Check out a few of these examples to see how the Infrastructure Bill reduces our energy consumption:

1. Integration of Distributed Energy Resources

“Distributed energy resources” refers to energy harvested and stored by consumers (rather than public or private utilities).

So, for example, this would be a neighborhood in California powered by a local solar collector.

During everyday usage, the local community would rely on this solar collector as much as possible (rather than the public grid).

This cuts down on transmission losses and improves sustainability.

Other examples of distributed energy resources that will be integrated with the bill include electric vehicles, digital energy devices, and battery storage, among others.

2. Improved Electricity Supply

These distributed energy resources could make a profound impact on the grid’s efficiency overall.

For example, an electric car that charges overnight could have its excess energy sent back to the grid.

Plus, people who provide this energy to the grid would be financially compensated for doing so.

The grid currently isn’t ready for this. But the Infrastructure Bill will help it get there.

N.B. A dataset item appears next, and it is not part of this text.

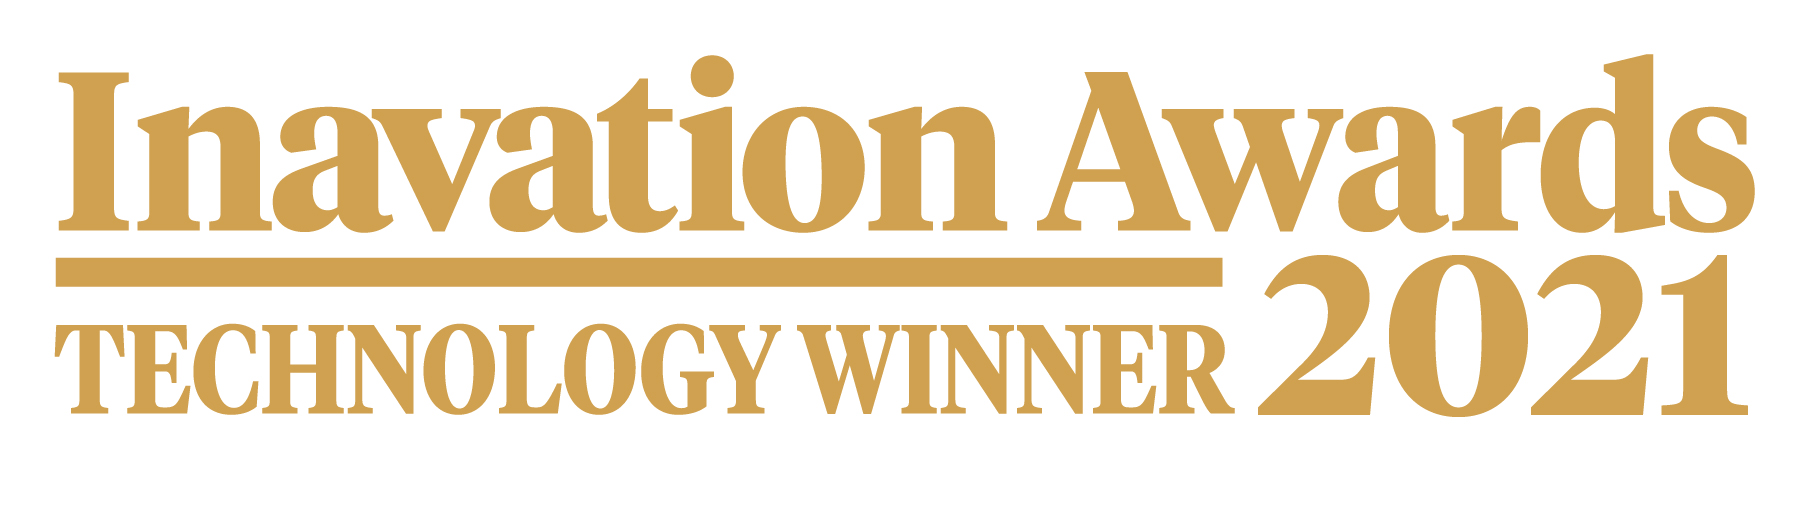 Inavation 2021 Technology Winner Award

3. Saving Energy When Needed

“Demand response” describes using energy when it is abundant and saving energy when the supply runs low.

Take for example wind turbines. They can only generate electricity when it’s windy. If there’s no wind, or little of it, the amount of energy they supply goes way down.

And that would affect the grid’s supply as a whole.

The Infrastructure Bill helps state regulators set electric rates that encourage usage when the supply is high and discourage energy usage when the supply runs low.

Politics aside, some of the goals the Infrastructure Bill aspires to accomplish aren’t all that bad.

So watch for these changes in 2022 and beyond!